His road to Channel 8 was not preordained, contrary to popular opinion. When he attended Stephen F. Austin State University, Shipp decided he wasn't going to follow his father's career path. "I wanted to make more money than my old man," he says. After deadly dull business courses and a failed math class, Shipp realized that he was too hooked on the news junk to take a job that wasn't fun. He worked sidelines for a college radio station, but he realized that covering sports takes all the joy out of the games. So, he got a gig at a Lufkin TV station, taking classes in the morning and driving 45 minutes every day to do "three crap stories" from 1 p.m. to 10 p.m. After that, it was jobs in Amarillo and Tulsa.
"Meanwhile, I kept sending audition tapes to Channel 8, saying 'I'm ready,'" he says. "Their response was always, 'Kid, you ain't ready.'" So, he went to work at Channel 4 for three years doing investigative work. Every time he broke a story, he was, in effect, hosing Channel 8. "Believe me," he says with a grin, "it felt good."
He finally landed at Channel 8 in 1995. He's broken several stories since, including some involving the Dallas Independent School District. To his credit, he can laugh about being beaten by the Dallas Observer a few years back covering former DISD head Yvonne Gonzalez: "I was calling her a 'fraud-buster,'" he says, chuckling. His easygoing, quick-to-laugh nature is even more appreciated when compared with some self-important TV goobs who have achieved far less than Shipp.
He turns serious, though, when I bring up a constant complaint from this corner: that Channel 8 no longer feels compelled to dance with the ones what brung 'em. I mention that more than one person has called and complained about specific managers and policies that seem to undermine the station's once-inarguable greatness.
"Let me start by saying, there are some people who aren't happy unless they're unhappy, OK?" he says, fixing me with a very un-Shipp-like stare. "Those people have the option of not renewing their contracts. They don't. They renew their contracts. Because they know this: I've got friends at every other station in town, and where you may have 25 or 40 percent of the newsroom upset at Channel 8, at the other stations you have 95 percent of people who are unhappy about the way things are done. They hate their news directors, they hate their owners, they hate their news product, they hate the sensationalism, they hate the live shots, they hate where they are. And any of them would take a pay cut to come to Channel 8. Any of them."

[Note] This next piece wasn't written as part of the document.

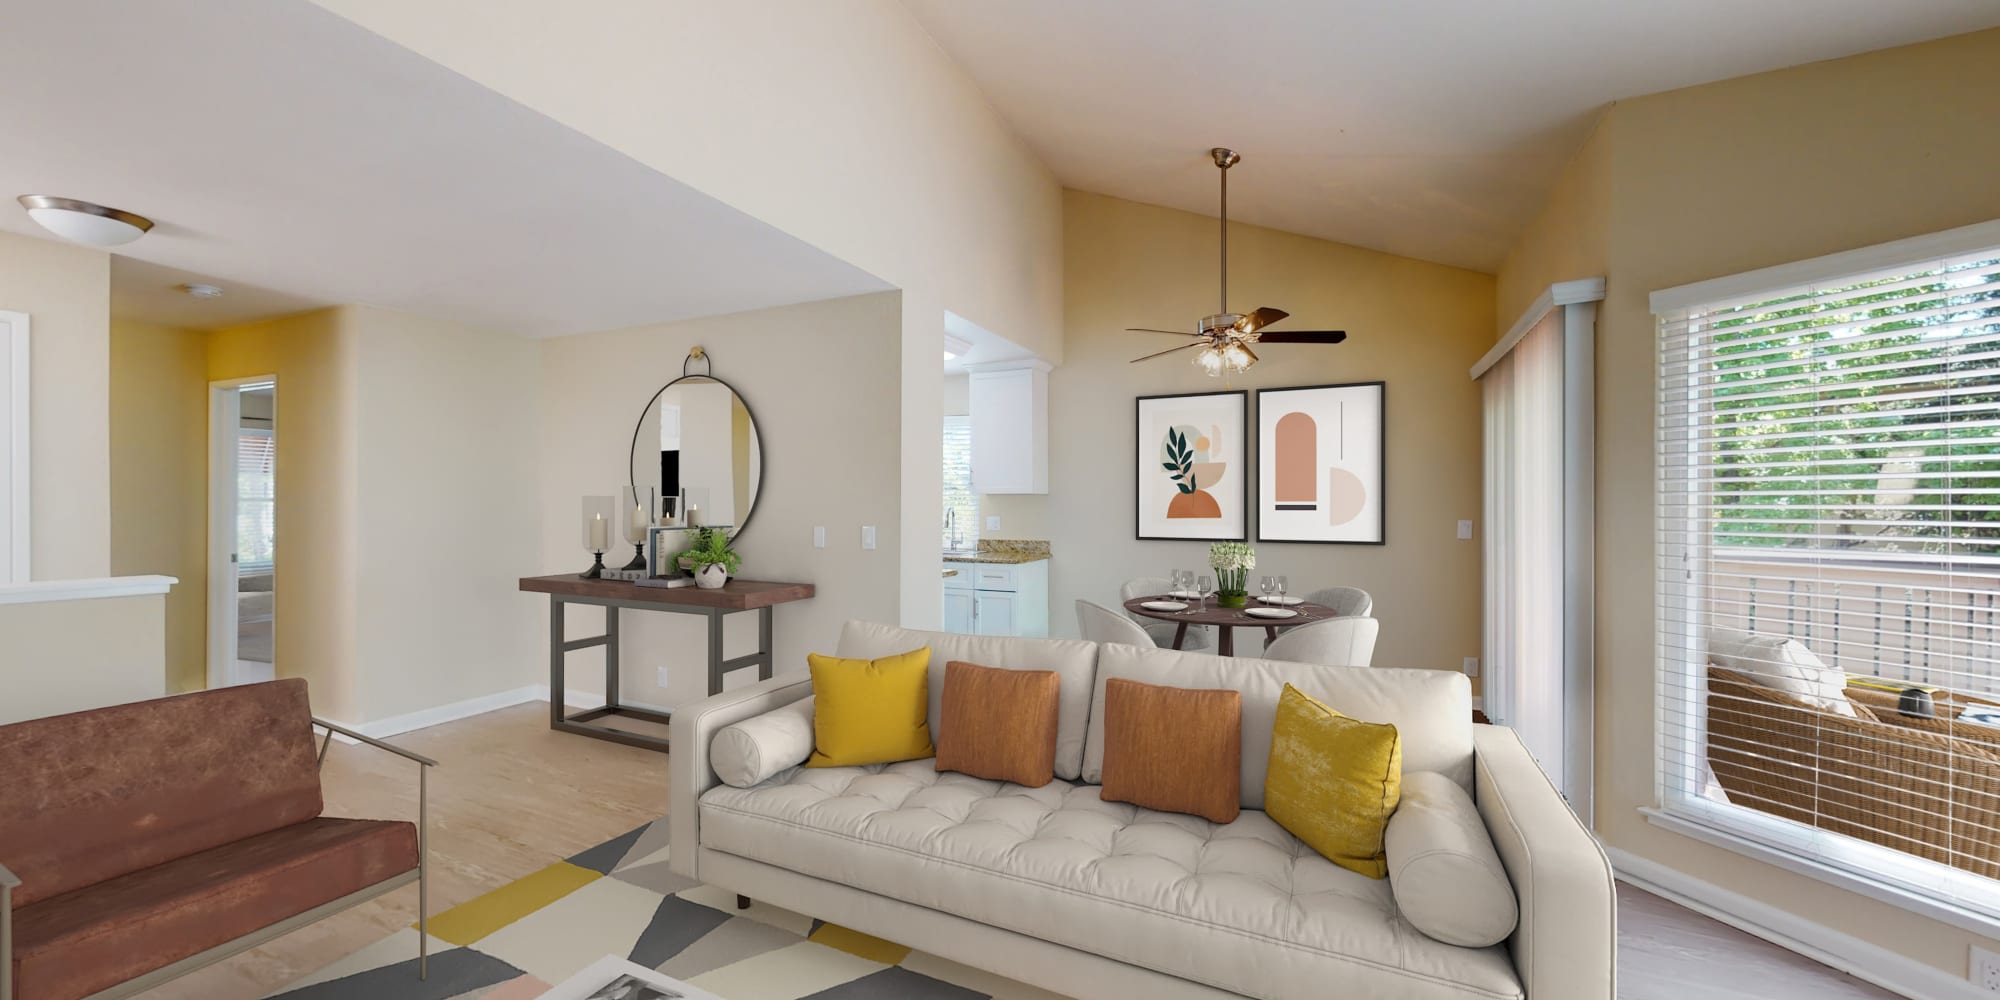 Two-bedroom apartment's living area with bay windows and plank flooring at Valley Plaza Villages in Pleasanton, California

He's wound up now. "Friday, I fought with my news director all day long on a story. It started at the 9 o'clock meeting, because I thought he was trying to poison a story that I believe in, because he didn't like it for whatever reason. I didn't pick up the phone and call you. I fought. I spent all day fighting for that story. I could either roll over and let him have his way, let him win, or I could fight. And it was the lead story at 6 [p.m.]."
Fair enough. It's an argument for another day. I move on. But being Bert Shipp's son, wedded to the caustic world of exposés and blood-'n'-guts journalism, he can't help but edit me. "That all the Belo questions you got?" he says. "That was easy." As if to say, gosh, Brett Shipp wouldn't be such a wussy.